▸ **Aim of the task**: Restate all of the following data exactly, keeping any images out of the copy.

*** Opening of Data excerpt ***

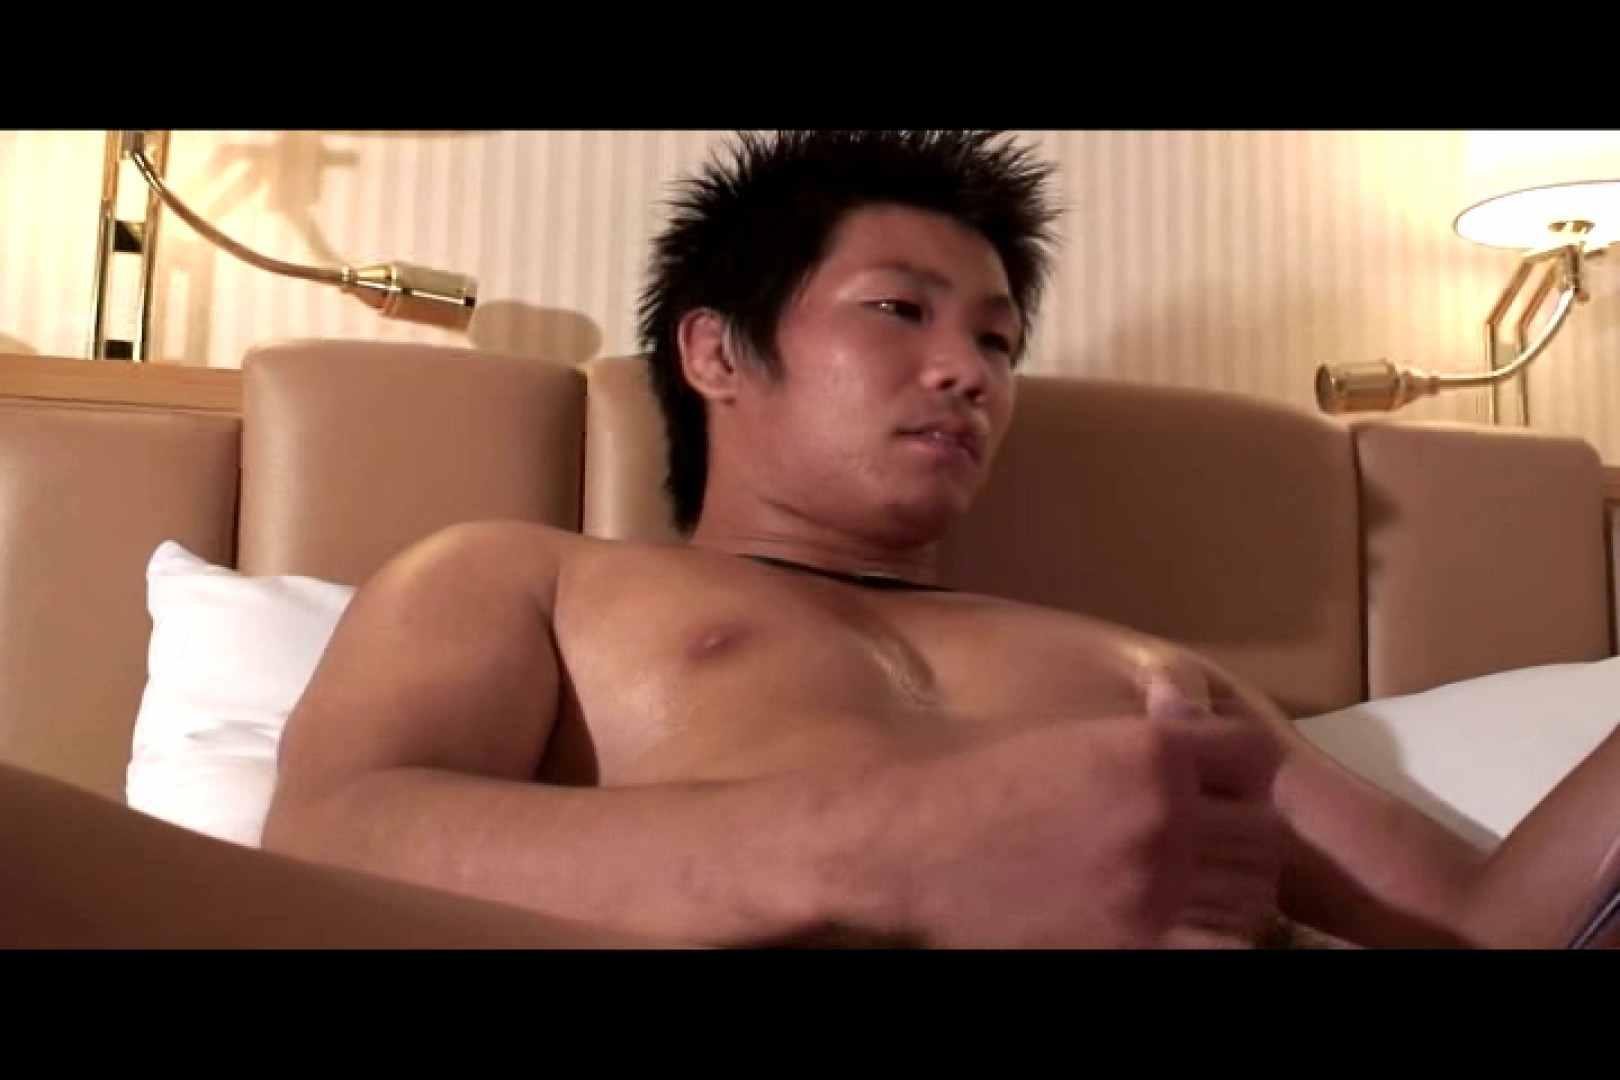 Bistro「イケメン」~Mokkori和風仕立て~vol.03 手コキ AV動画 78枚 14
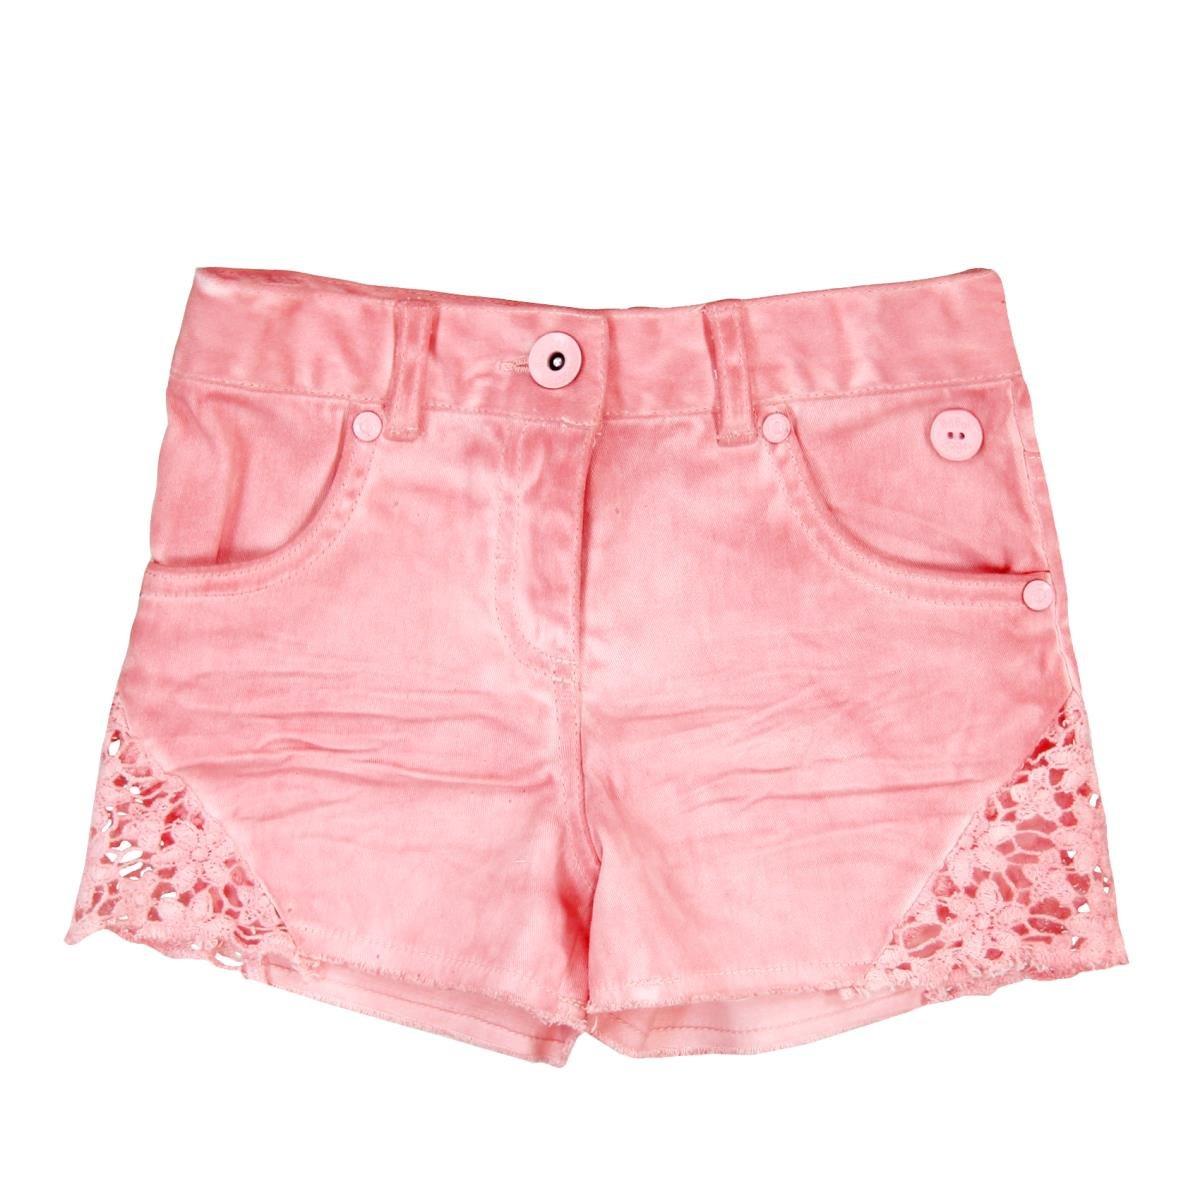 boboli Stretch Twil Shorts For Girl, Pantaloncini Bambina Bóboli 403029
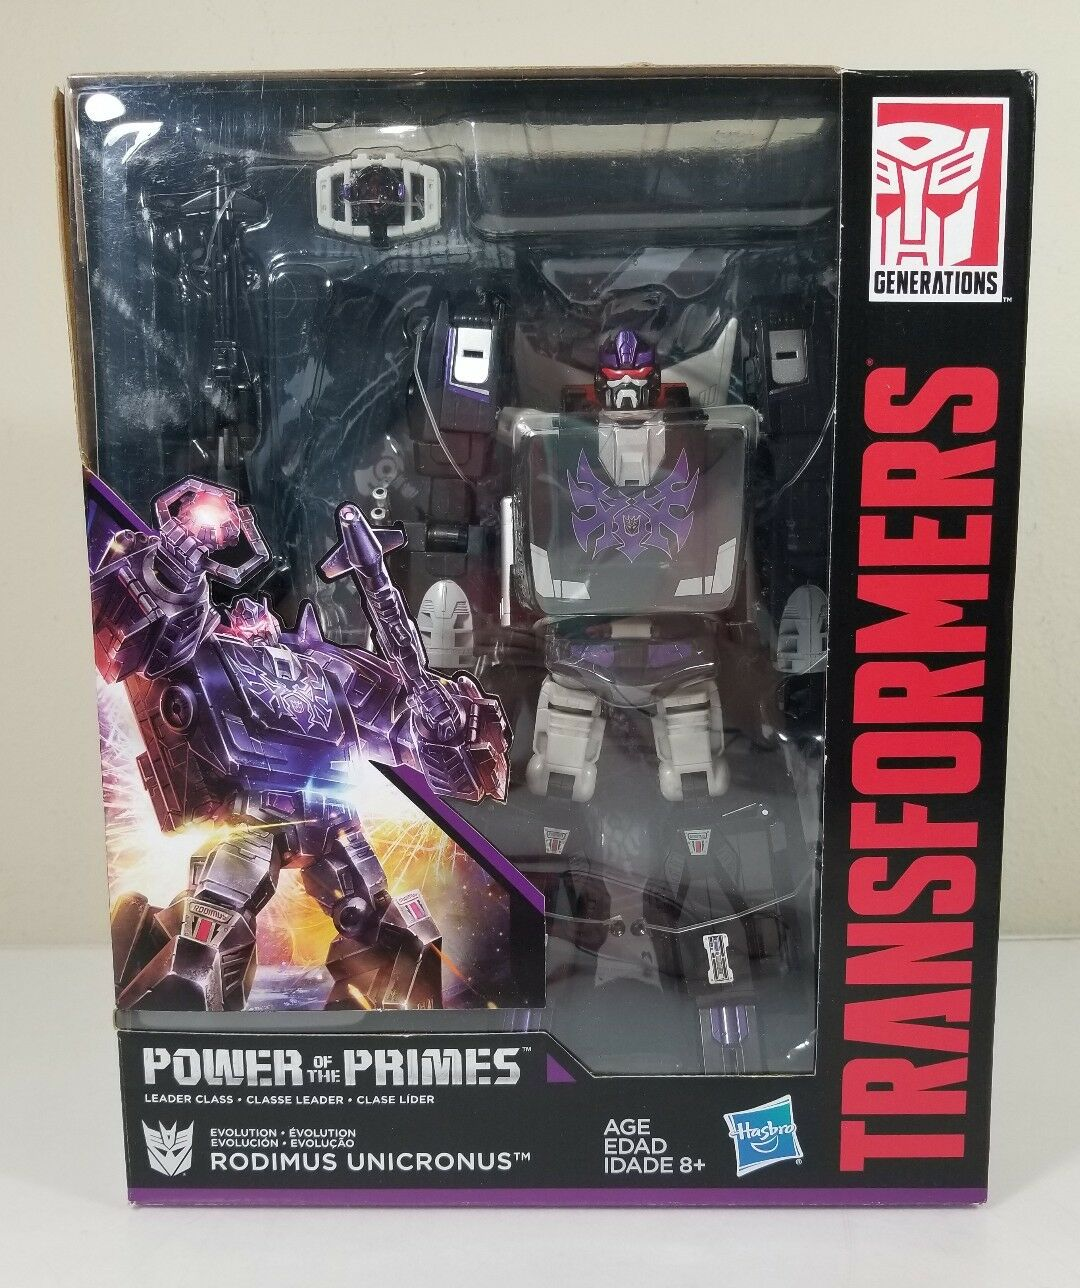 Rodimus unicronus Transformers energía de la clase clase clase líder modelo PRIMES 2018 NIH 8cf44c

*** Close of Data excerpt ***

▸ **Task output**:
 Bistro「イケメン」~Mokkori和風仕立て~vol.03 手コキ AV動画 78枚 14
 boboli Stretch Twil Shorts For Girl, Pantaloncini Bambina Bóboli 403029
 Rodimus unicronus Transformers energía de la clase clase clase líder modelo PRIMES 2018 NIH 8cf44c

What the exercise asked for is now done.